Friday, April 6, 2012

The Long Good Friday

No one could call him an alcoholic.

He stopped drinking every year, for Lent.

No Windsor; no Schmidts. No ice cubes clinking in the glass in the kitchen after he got home from work. No snap and hiss of a pop-top.

From Ash Wednesday to Easter Sunday.

Dry.

Not a drop.

Although the house was quieter, the woman and the boy found it hard to relax. There was a tension that never found a voice.

He smoked more.

He ate a lot of peppermints. Sometimes at night the boy would hear him walking down the hallway to the stairs, and down the stairs to the kitchen. He could picture him sitting at the kitchen table, smoking.

On the weekends, watching sports, he would make the boy sit with him.

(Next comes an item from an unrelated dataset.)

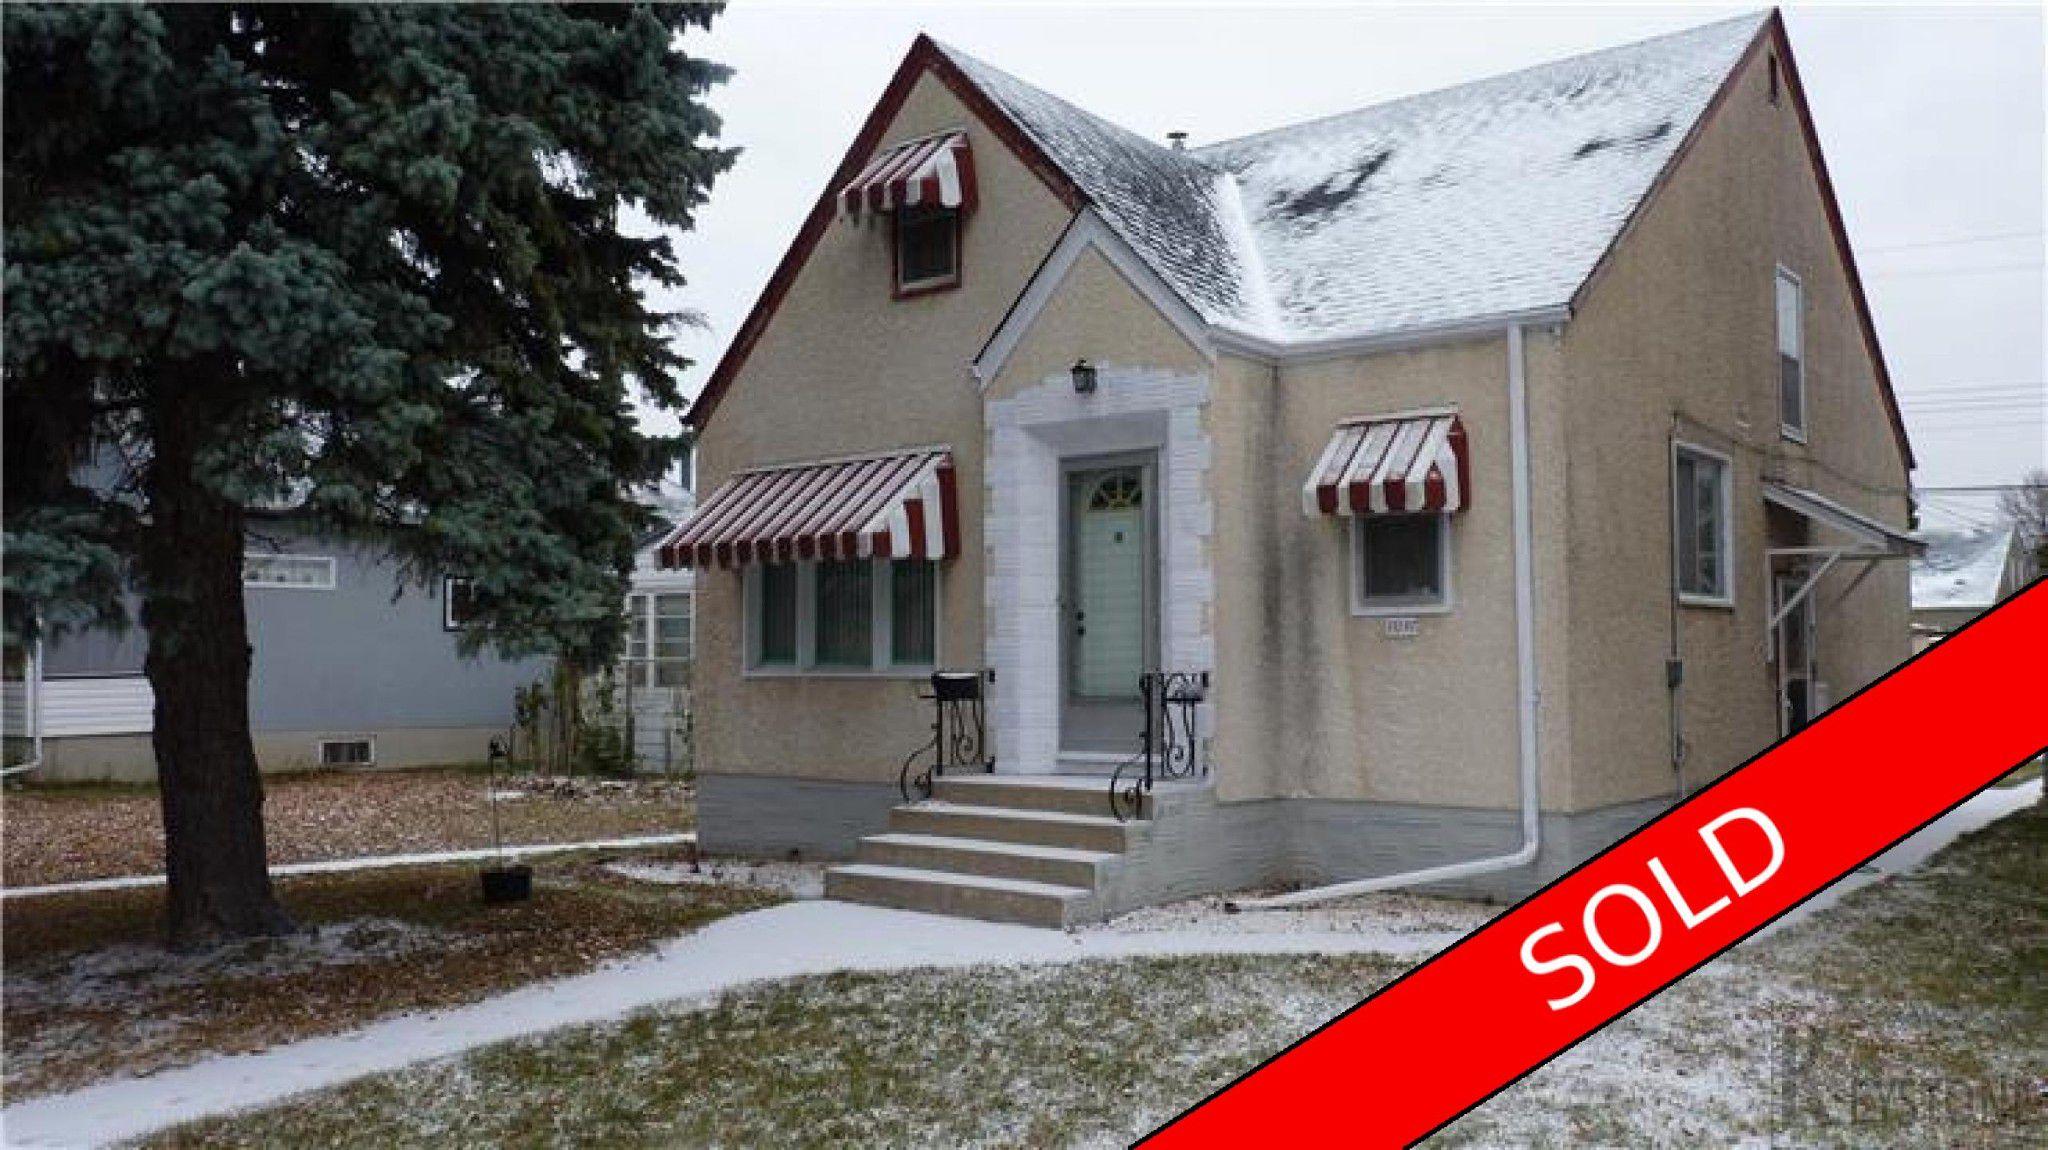 Main Photo: 695 Machray AVE in Winnipeg, MB R2W1B4: House for sale : MLS®# 1726718
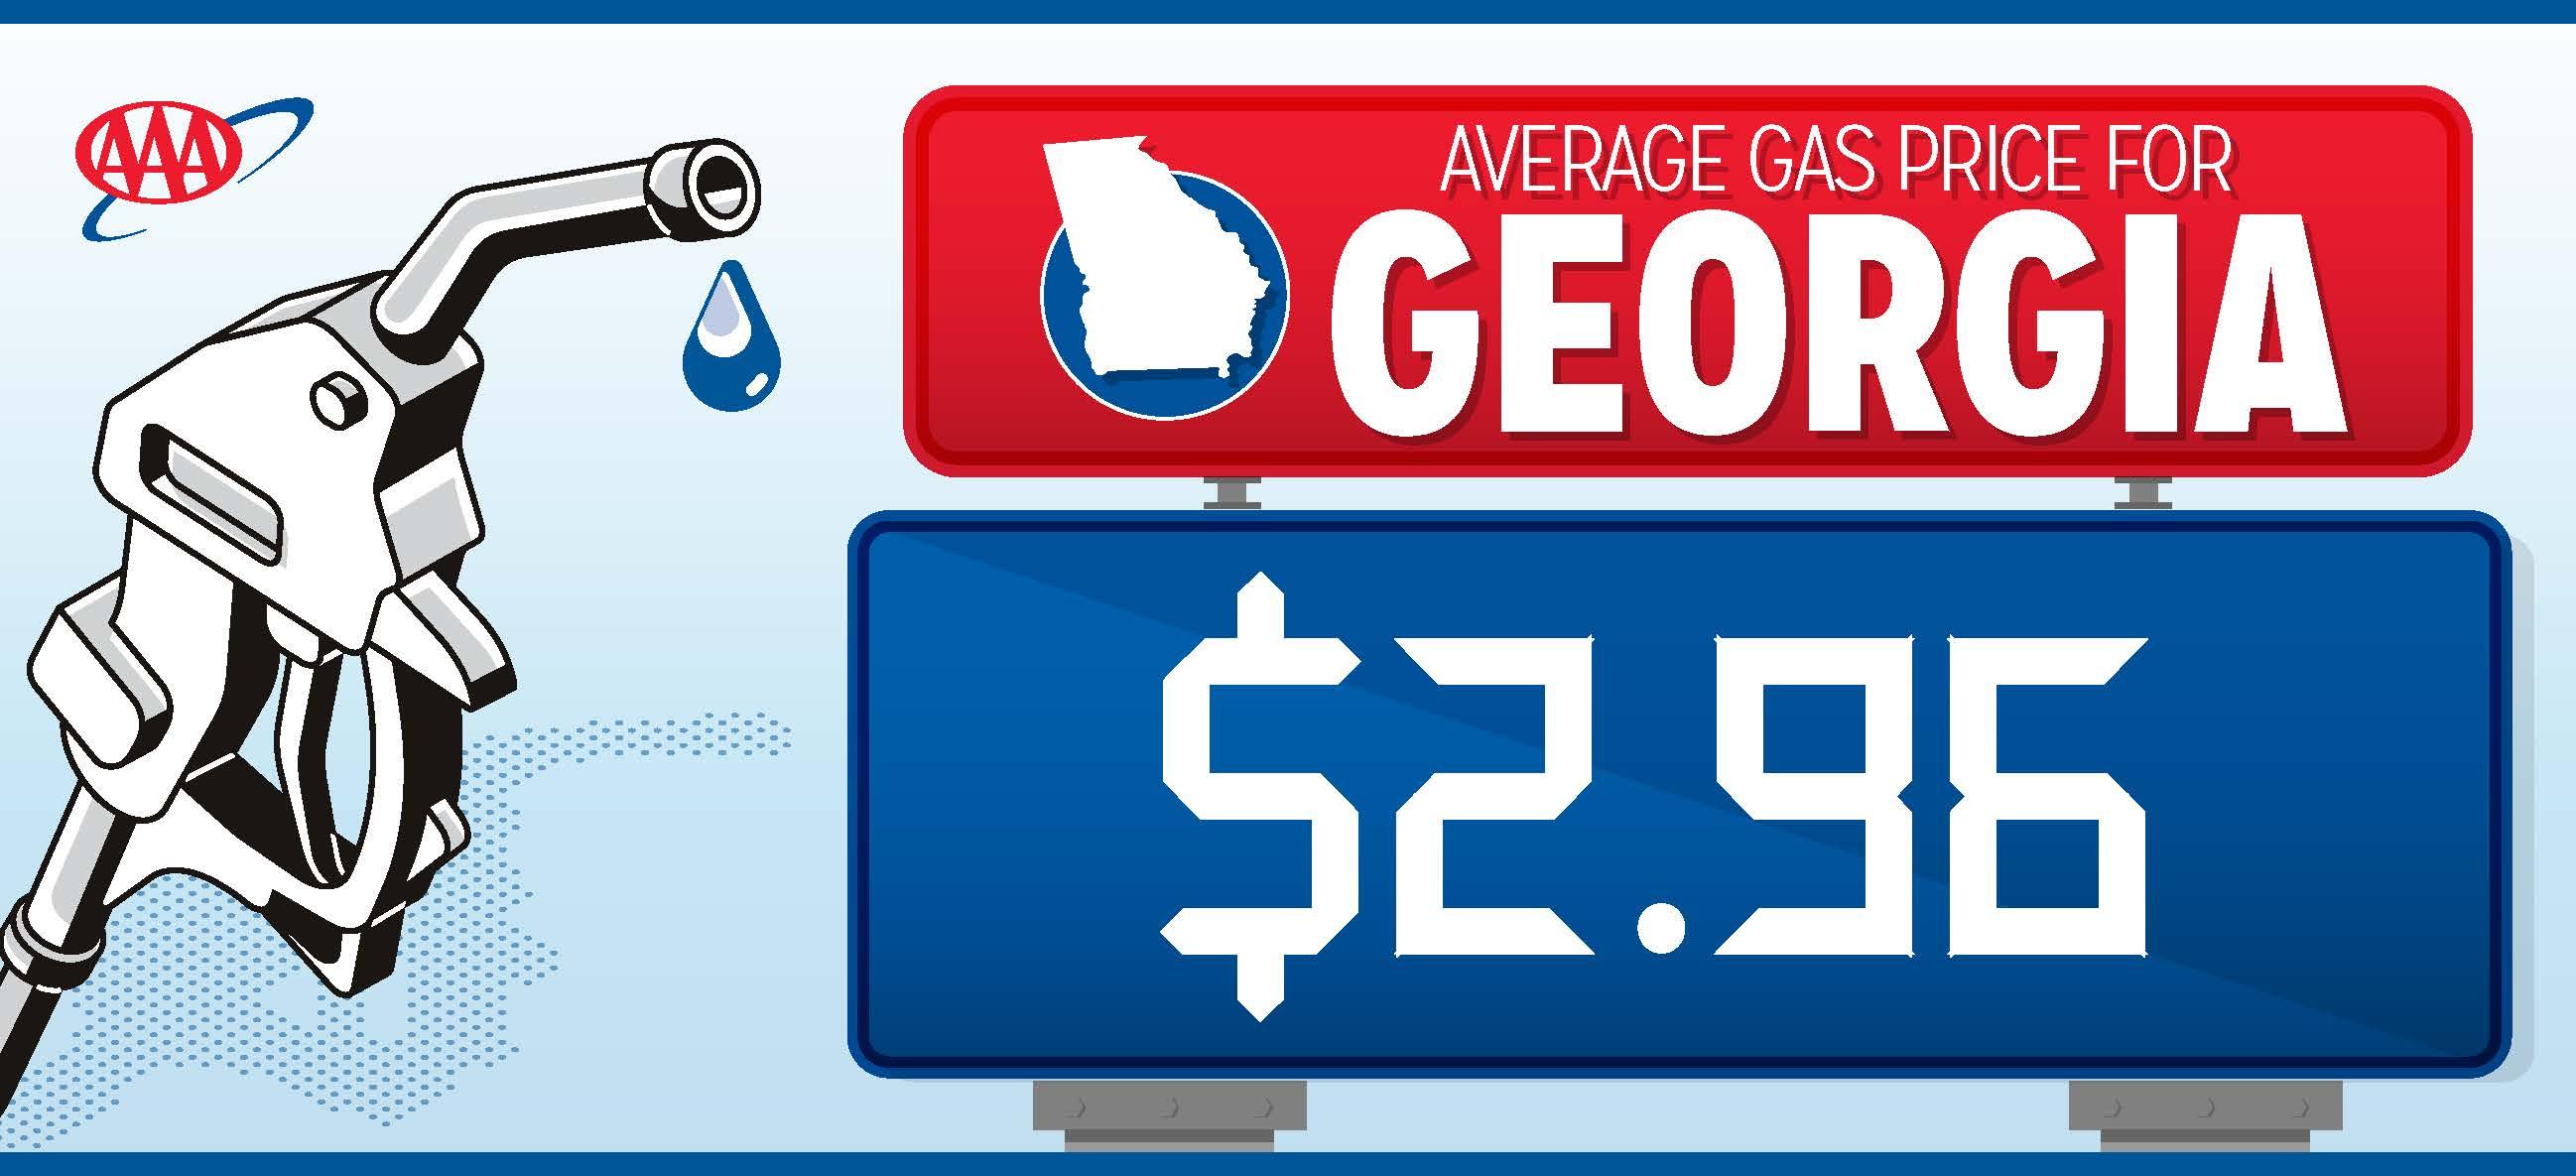 GA_Single Price 2.jpg

He drank soda. He would hold it under the boy's nose.

Smell it, he would say. See? No booze. Tell your mother. Tell her no booze.

He would tell her when she came in from the store. The woman would say, that's good.

But she didn't smile.

The man said, I gave it up. For Lent.

The woman would say under her breath, for Lent.

Good Friday, they would go to church and do the Stations of the Cross. The man would seem distracted. When they got home, his mood would change. He would laugh loudly, and sometimes suddenly clap his hands together, and say boy, oh boy. The woman would busy herself in the kitchen. The boy wasn't allowed to go out to play on Good Friday, so he would go to his room. He could hear the man talking loudly to the woman.

Lent was almost over. No one could call him an alcoholic.